## REQUIREMENT
Everything in the entries except the pictures must be repeated exactly.

## SUPPLIED ENTRIES

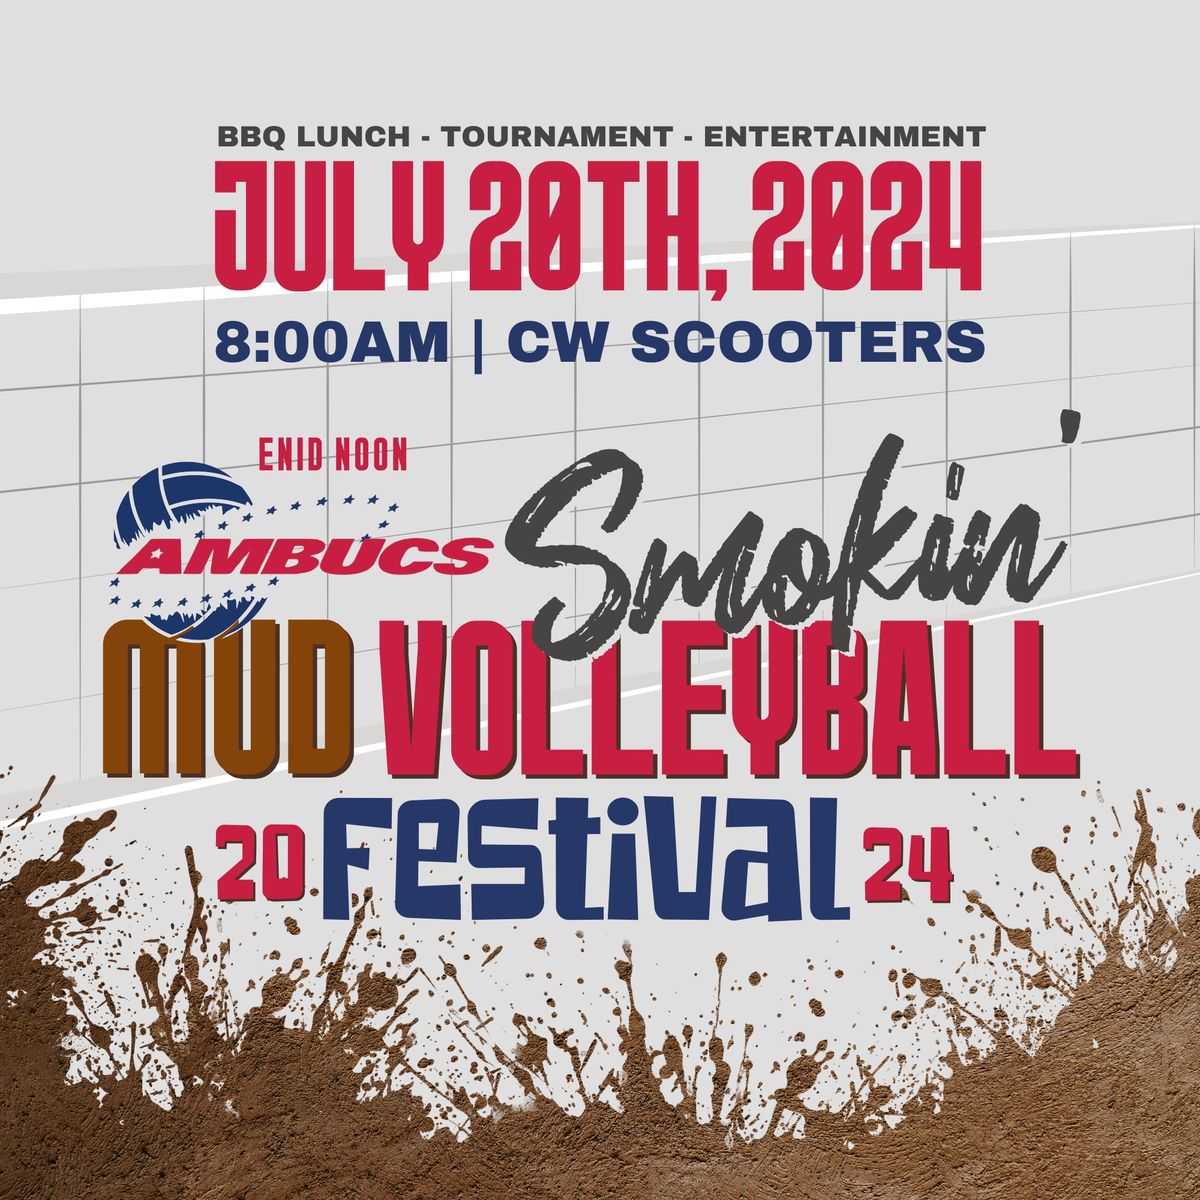 Enid Noon Ambucs Smokin\u2019 Mud Volleyball Festival
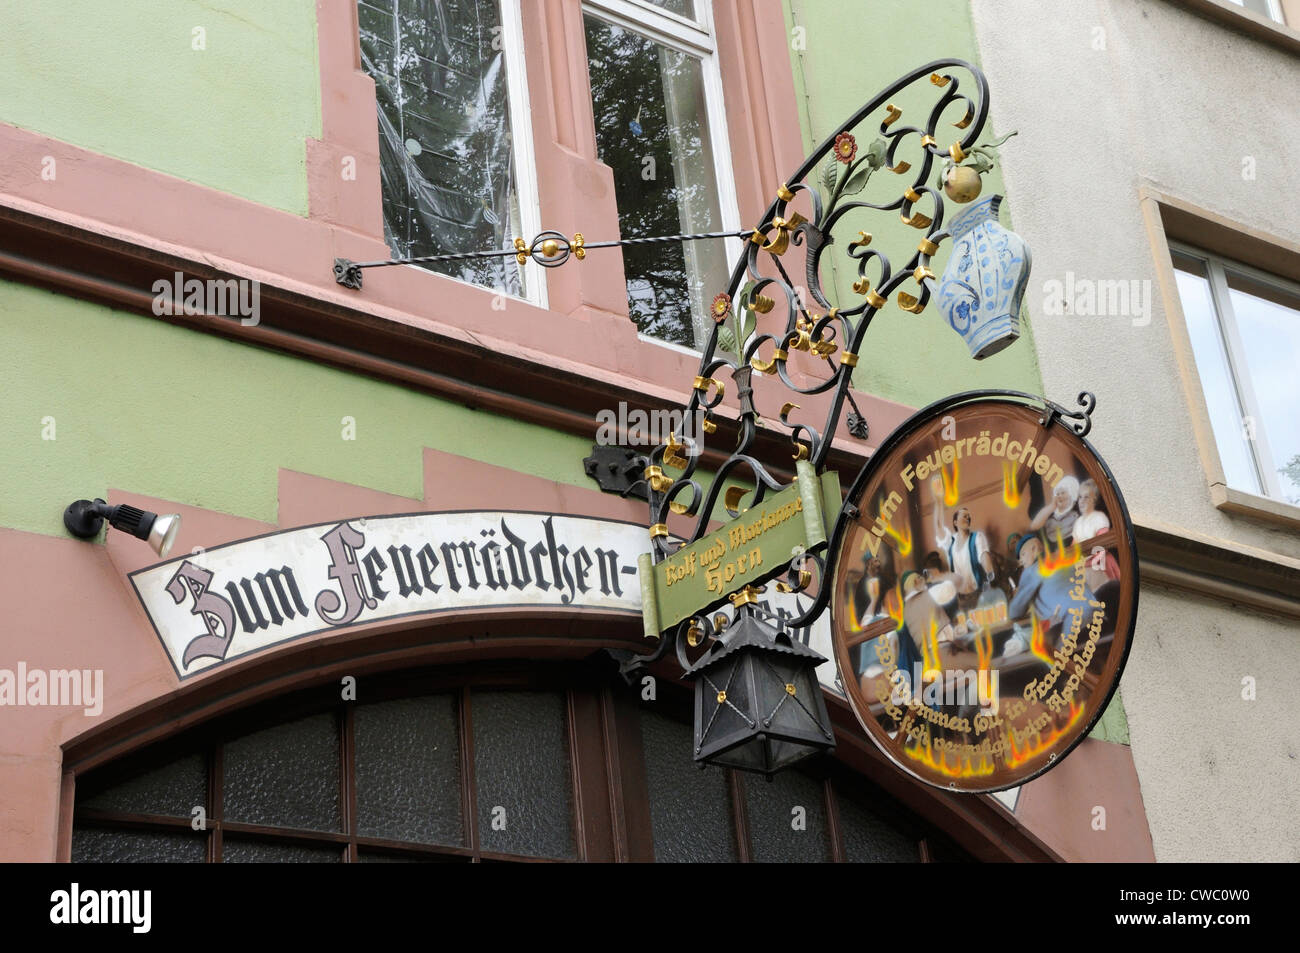 The sign for Zum Fuerradchen cider tavern, Sachsenhausen, Frankfurt, Germany. Stock Photo
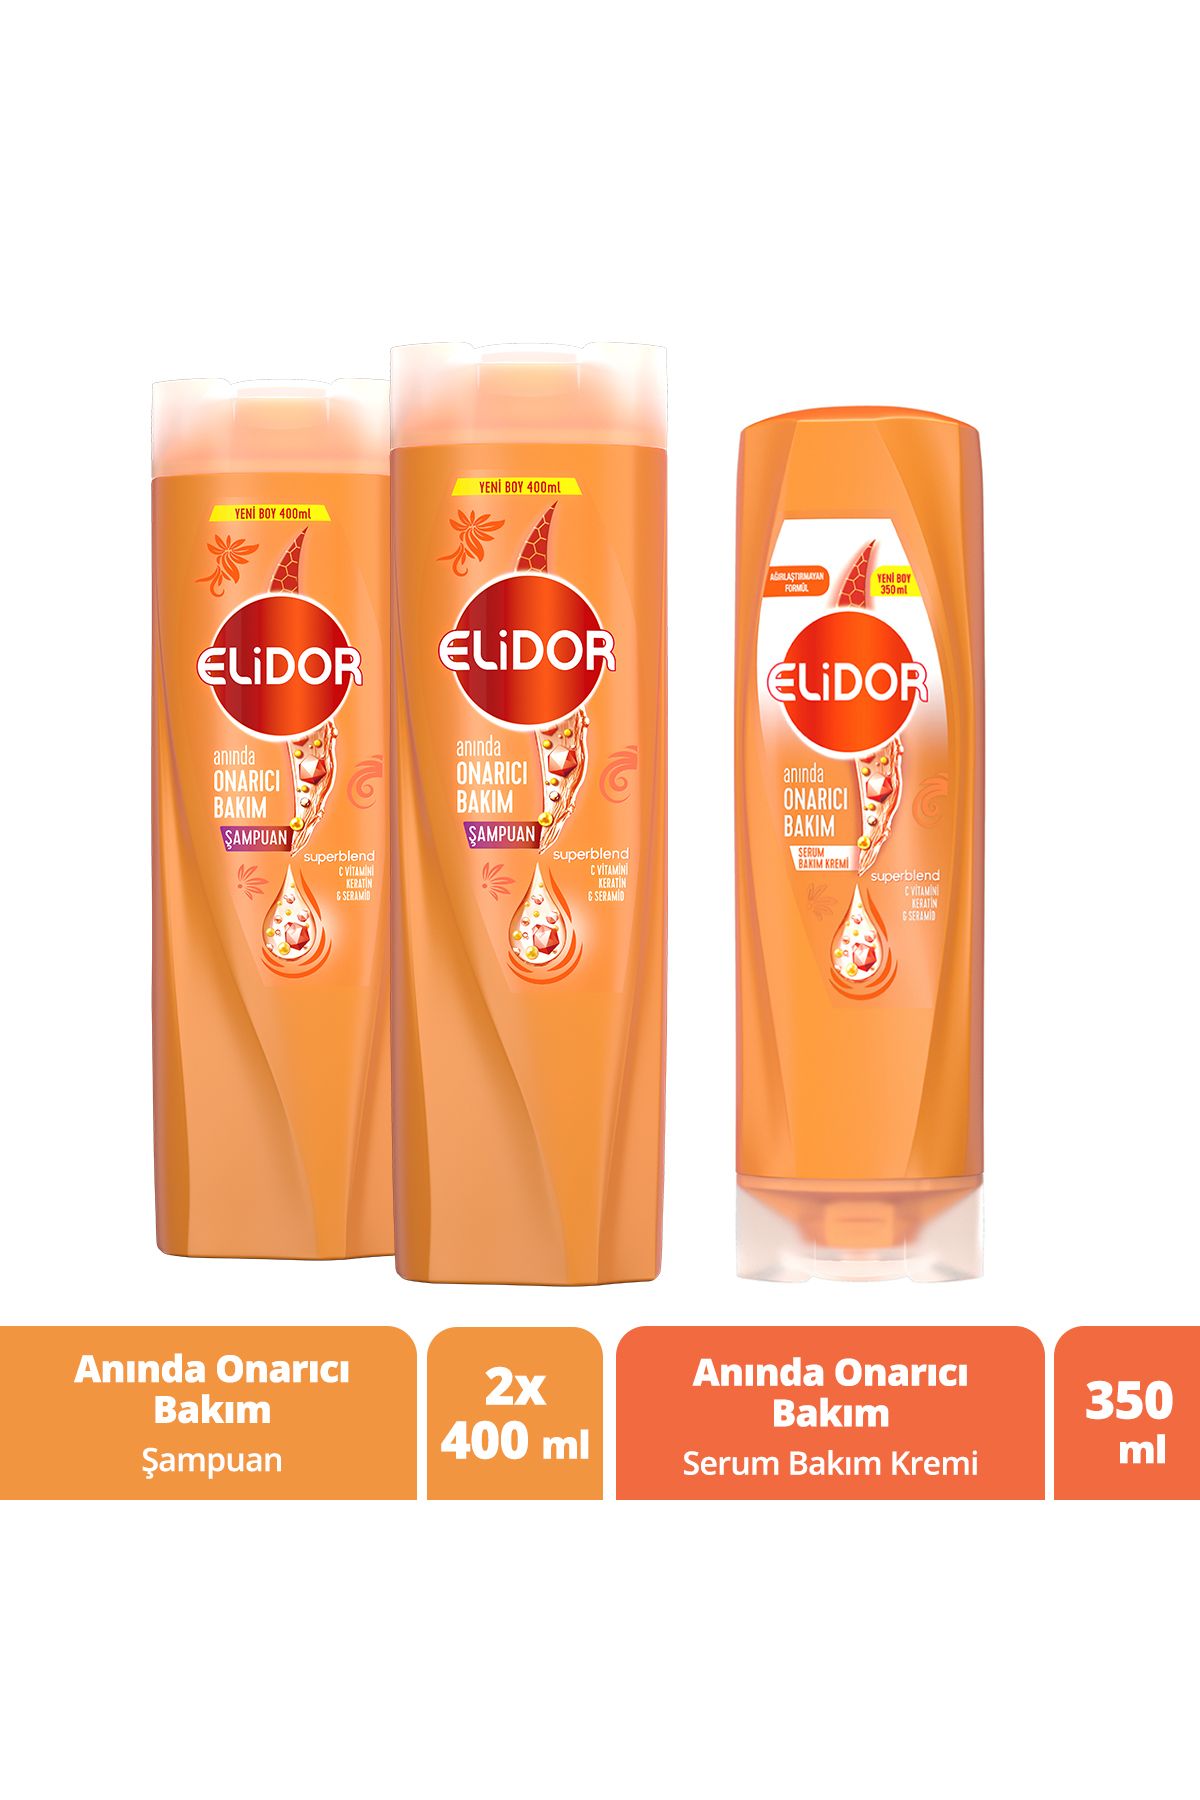 Elidor Superblend Saç Bakım Şampuanı Anında Onarıcı Bakım 400 ml X2 Serum Bakım Kremi 350 ml
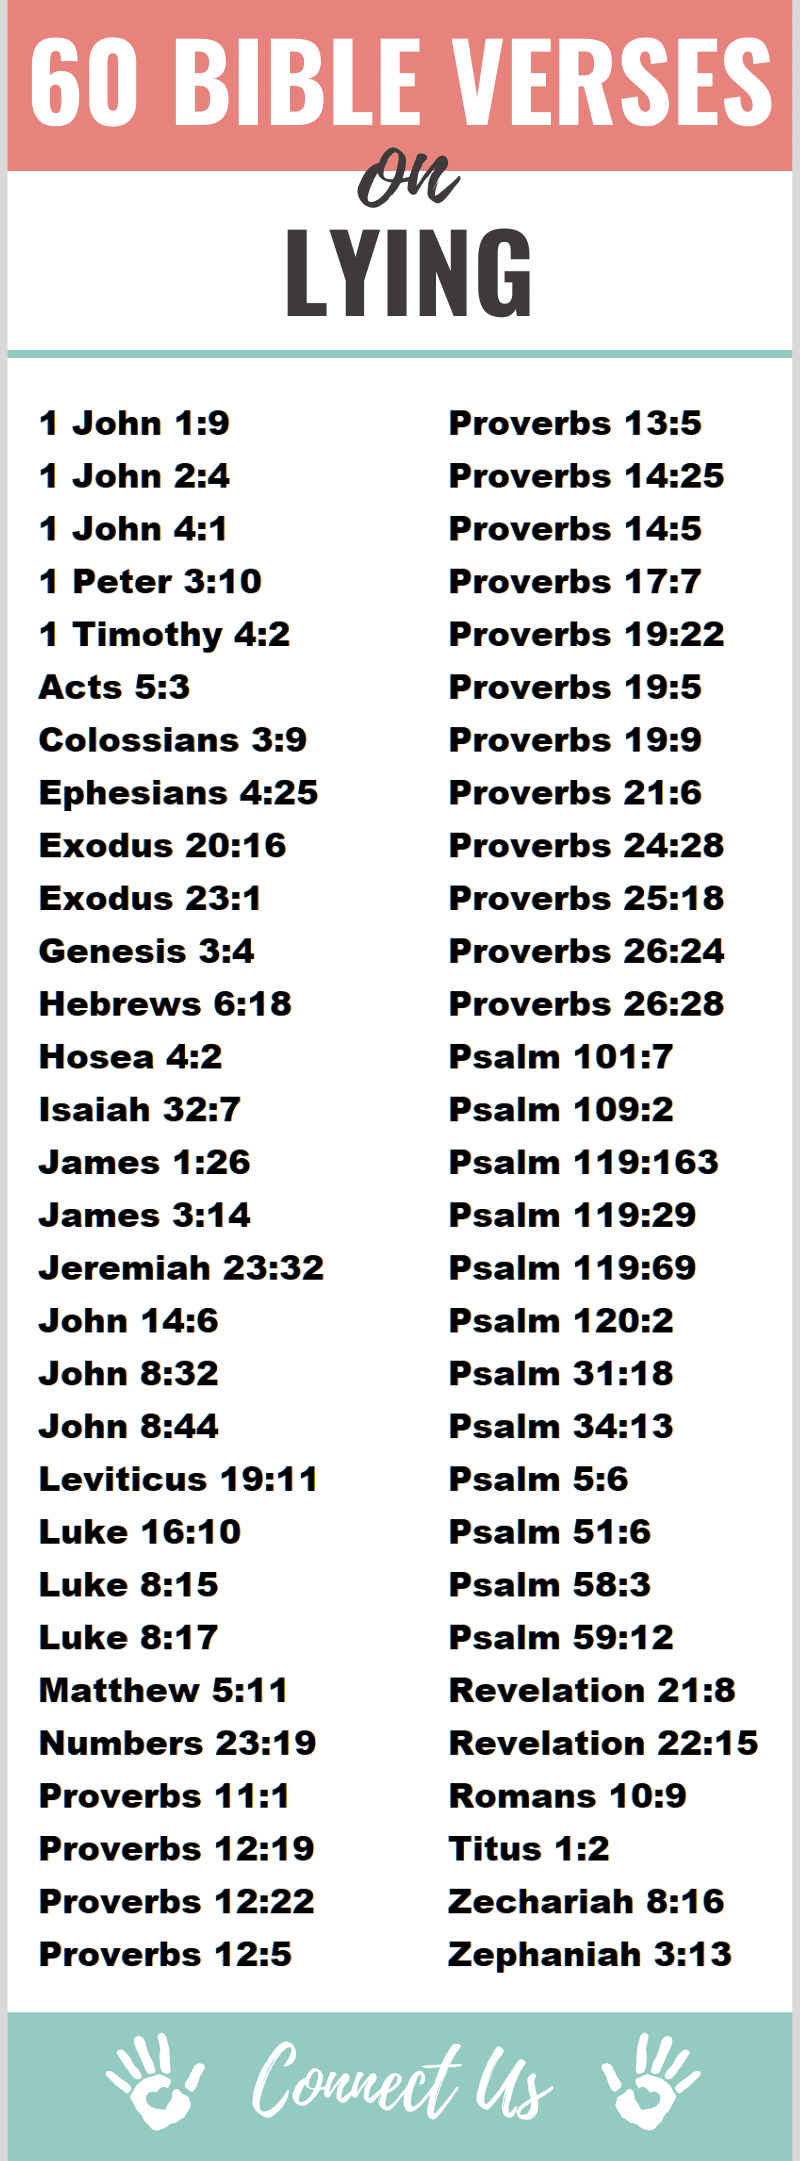 Bible Verses on Lying
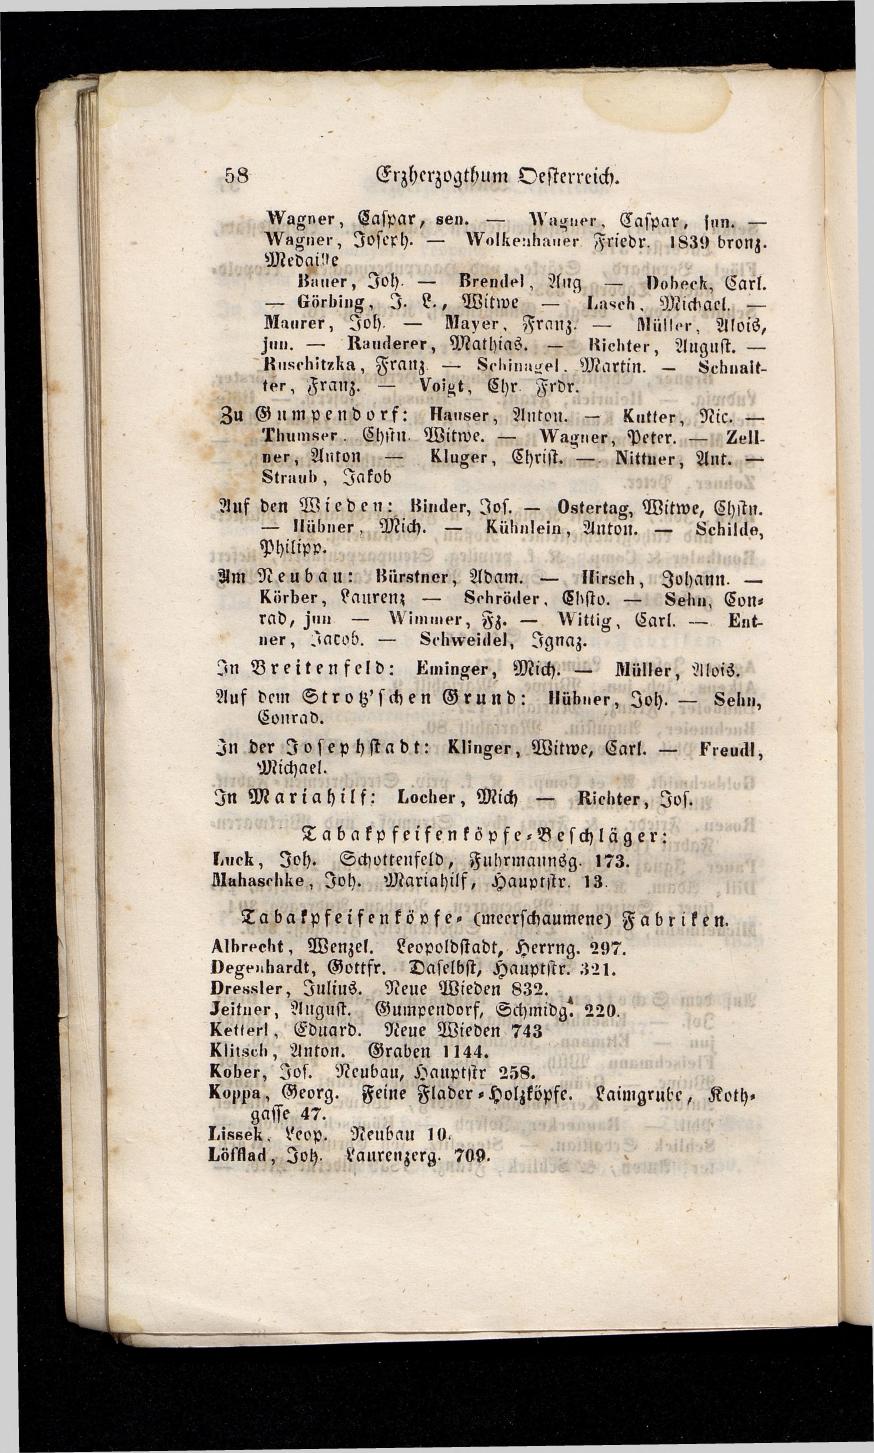 Grosses Adressbuch der Kaufleute. No. 13. Oesterreich ober u. unter der Enns 1844 - Seite 62

## EXERCISE SOLUTION
 Enid Noon Ambucs Smokin\u2019 Mud Volleyball Festival
 The sign for Zum Fuerradchen cider tavern, Sachsenhausen, Frankfurt, Germany. Stock Photo
 Elidor Superblend Saç Bakım Şampuanı Anında Onarıcı Bakım 400 ml X2 Serum Bakım Kremi 350 ml
 Bible Verses on Lying
 Grosses Adressbuch der Kaufleute. No. 13. Oesterreich ober u. unter der Enns 1844 - Seite 62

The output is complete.